[GAP Forum] All factorizations of a permutation

[Max Horn]

> On 23. Apr 2021, at 10:25, Ahmet Arıkan <arikan at gazi.edu.tr> wrote:
> 
> Hi Chris, thank you for the reply. 
> 
> My main problem is to construct a group G in Sym(\Omega) satisfying the following property: 

What is \Omega? An arbitrary infinite set?

> 
> G has a generating subset X such that every infinite subset of X also generates G.
> 
> So to construct such a group, we may start with an element x (say x=(1,3,4) ) to contruct X. Then we need to find suitable factorizations like (1,3,4)=(1,2,3,4)*(2,3) ( or multiple factorizations)  and  continue to construct X={(1,3,4), (1,2,3,4),(2,3),...}. This is just an explanation of why I want to find suitable factorizations of permutations.

I don't see at all why you "may start" wich such elements.

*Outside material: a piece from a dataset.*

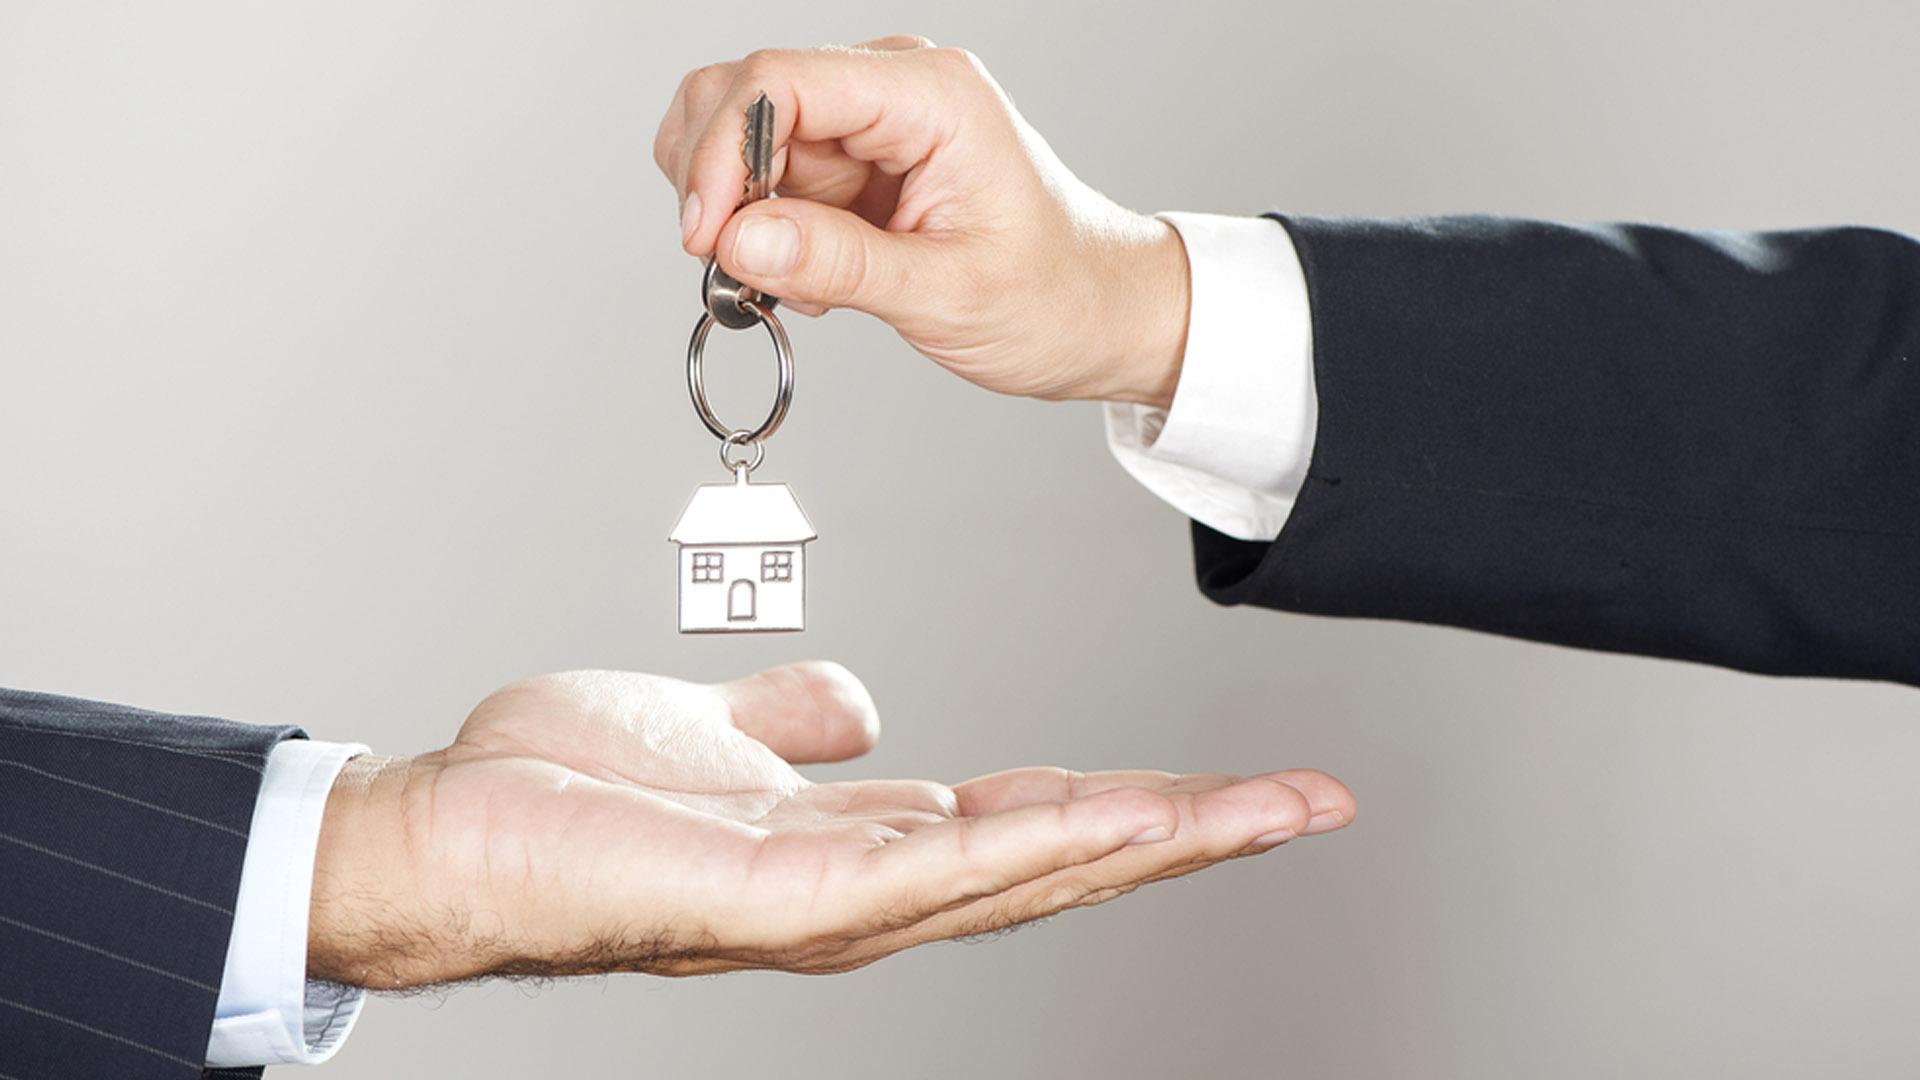 Pune property registrations up 34% in December, Maharashtra sees 29% rise

To the contrary, I think looking at such elements won't help at all.

For suppose G and X are as desired. Then G must be non-trivial and hence there is a point a \in \Omega which G moves. Let 

  X' := { \pi \in X |  a^\pi \neq a }

Then this set still must be infinite, for if it was finite, then X'':=X\setminus X' would be an infinite subset of X but the group it generates fixes a and hence cannot be G.

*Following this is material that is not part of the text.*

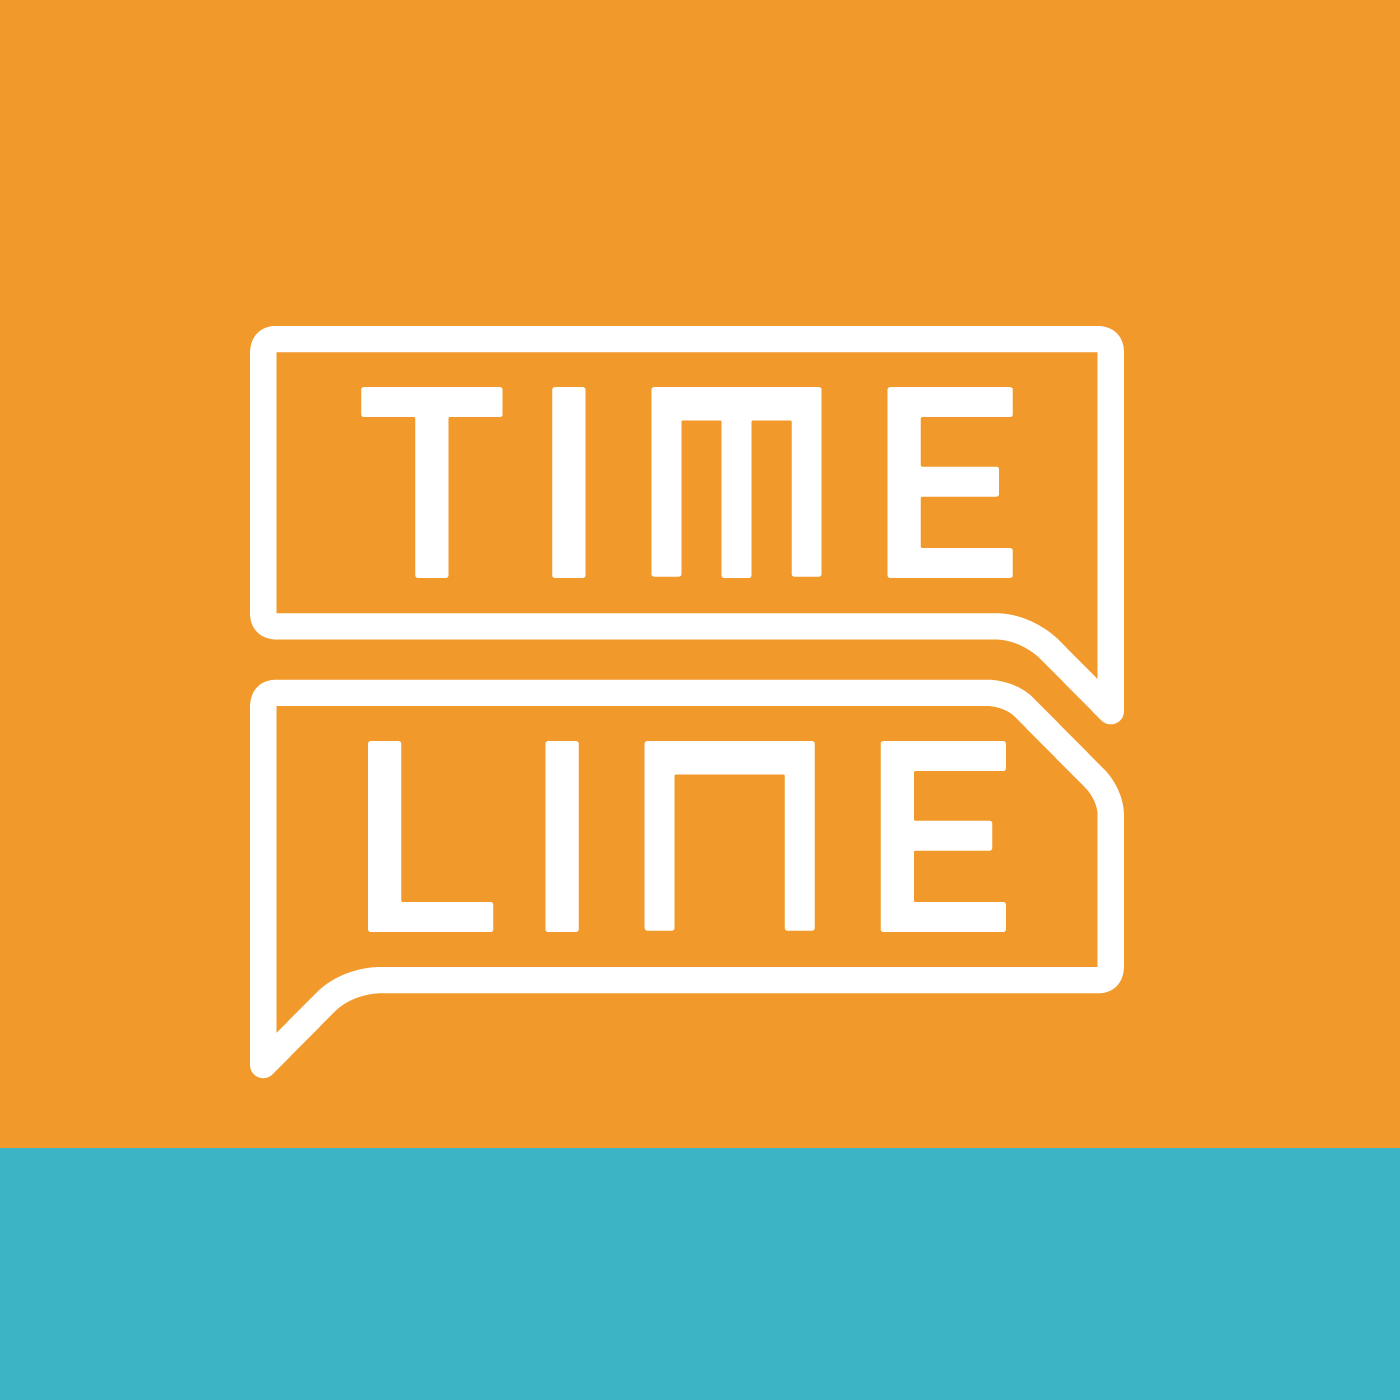 Timeline Ga�cha - 20/10/2016

So we may replace X by X'. Now we can repeat this process for any point moved by G (of which there must be infinitely many).

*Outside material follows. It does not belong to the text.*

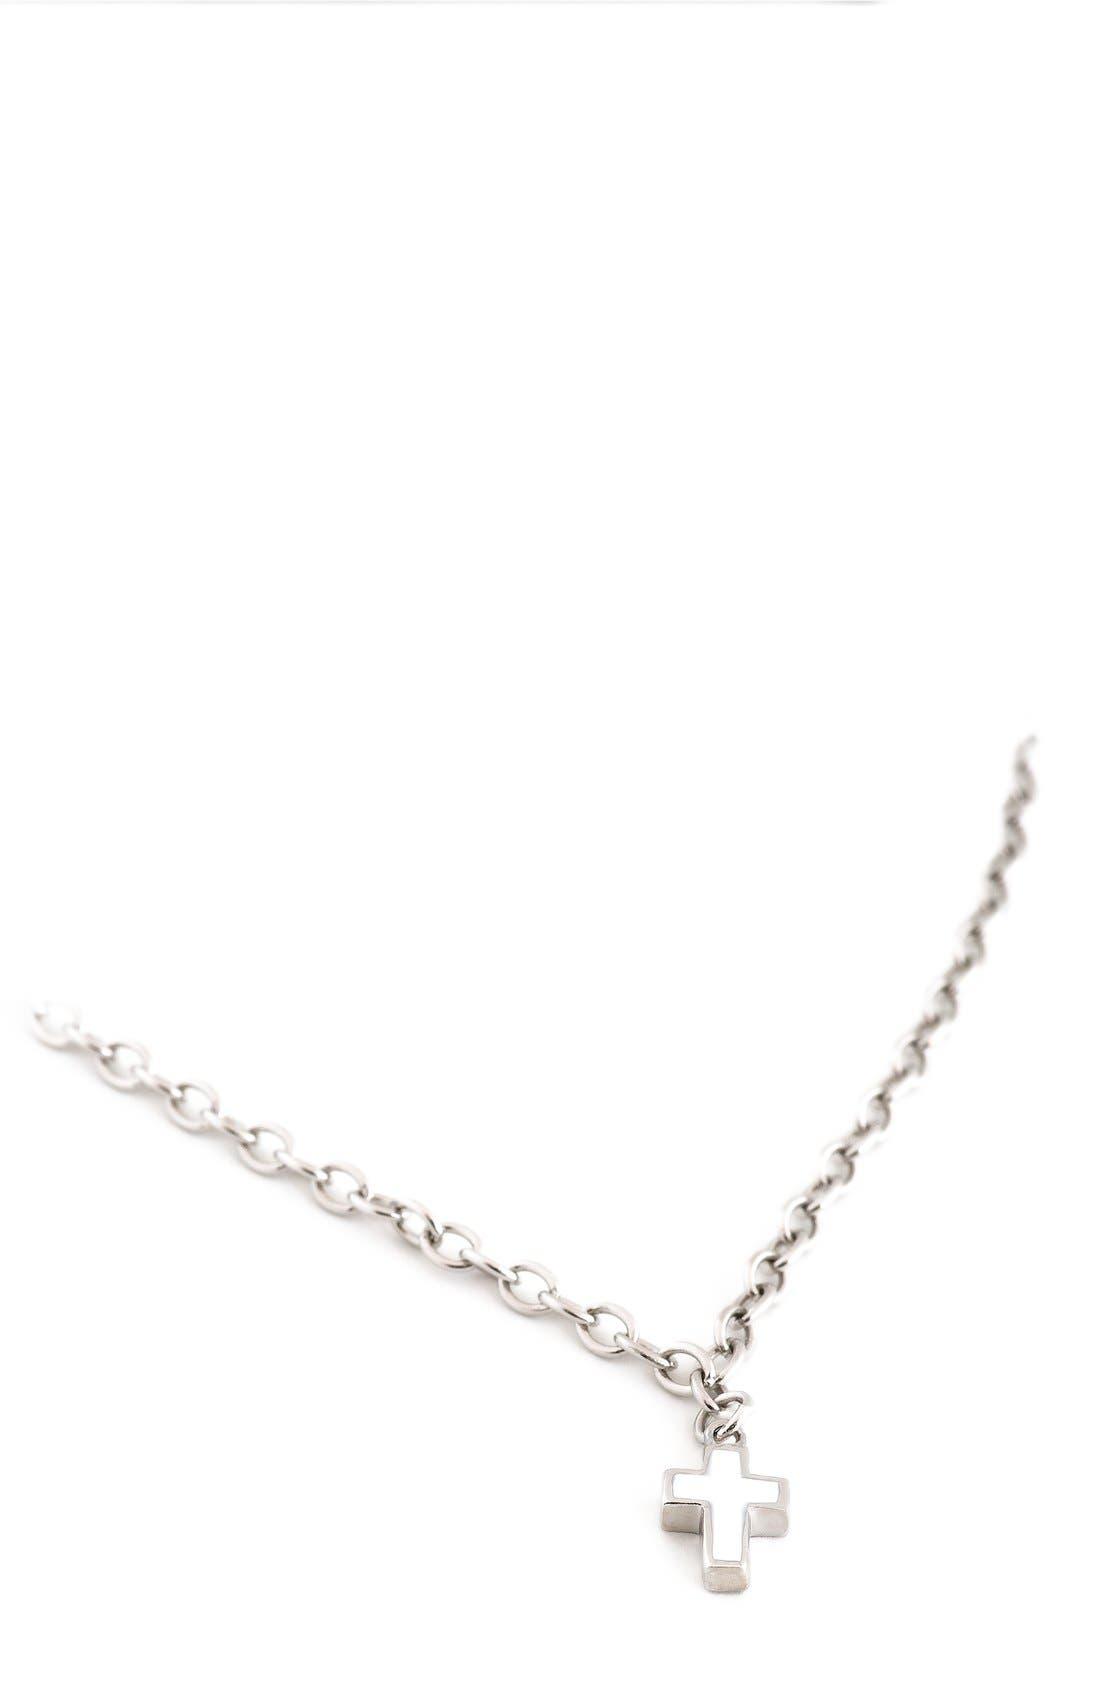 SPEIDEL Enameled Cross Sterling Silver Pendant Necklace

In the end, the set X only contains permutations with infinite support. Moreover, we can of course restrict it to be countably infinite.

If I am not mistaken, here is an example for a group and set as described: G=\Sym(\ZZ) together with 

 X := \{ \pi_p | p is a prime \}

and

 \pi_p: ZZ\to\ZZ, x \mapsto x + p

It satisfies the even strong property that any subset of X of size at least 2 still generates G.

> We do not know yet if such a perfect locally finite (p-) group G exists.

Why do you think such a group must be perfect? Or are you asking whether such a group *can* be perfect? The example I gave of course is abelian and not locally finite. So perhaps there are more requirements in your question that are missing?




Cheers
Max